The good, the bad, and the ugly
So now I’ve been using the system for a week, and have some pretty detailed impressions of it. So here’s the basic rundown as I see it. I spend anywhere from an hour and a half a day to several hours (for the road trips), so I’m probably a fairly typical user:

    The Good

  • Very good selection of stations and programming.
  • A lack of DJ chatter or other annoyances
  • Very capable technical offering on the receiver
  • Activation and maintenance painless (took about 15 minutes from my car)
  • Availability of all programming over the net via their website
  • Ubiquitous access to stations, no matter what your location. The same channels are available in Boston that are available in NJ.
  • Simple installation and easy to use.

    The Bad

  • Many channels used up by narrow-focus audiences, but still occupy many channels at once.
  • Reception can be sketchy. Audio cuts out as the signal drops down reasonably often.

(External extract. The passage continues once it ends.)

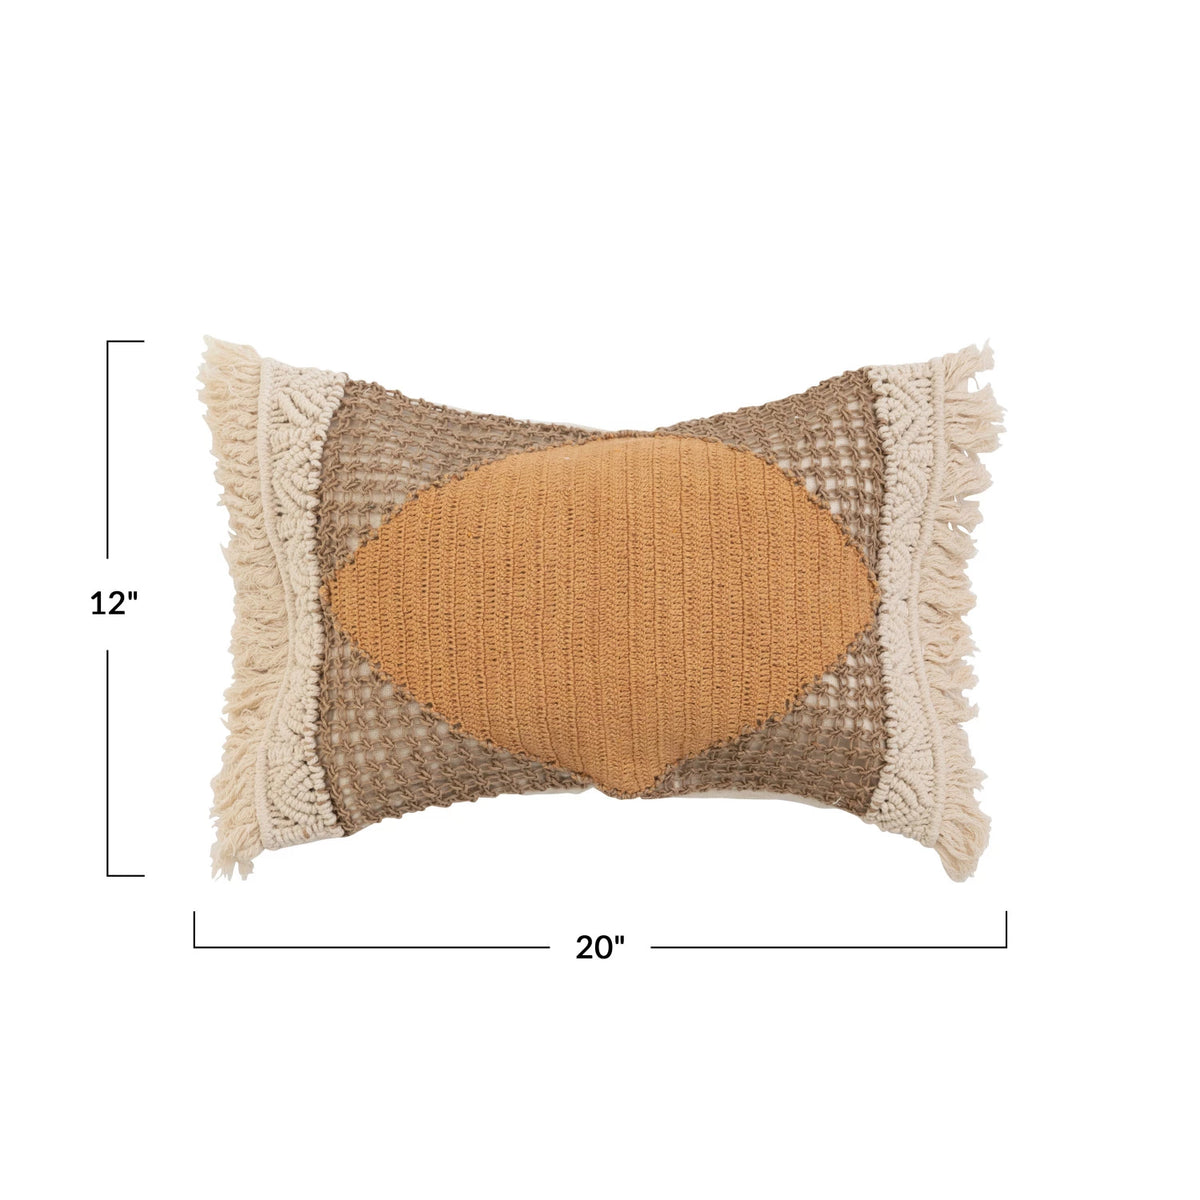 Hand Woven Cotton & Jute Lumbar Pillow w/ Macramé, Crochet & Fringe

Not enough to be a real problem, but far more often than I expected.
  • Audio quality is less than ideal. It sounds similar to a 64k MP3 streaming audio feed. It is NOT as high quality as CD or even broadcast radio, but is acceptable.

    The Ugly

  • No way to skip or avoid commercials
  • No Radio Paradise!

For $11 a month for the service, I think it’s worth it, particularly for people who do regular road trips or even longer commutes. The inclusion of not necessarily ‘mainstream’ content makes all the difference (things such as NPR, Folk radio, etc). Some more flexibility would be nice, and higher quality audio would be a huge win, but for now, I think I’ll stick with it.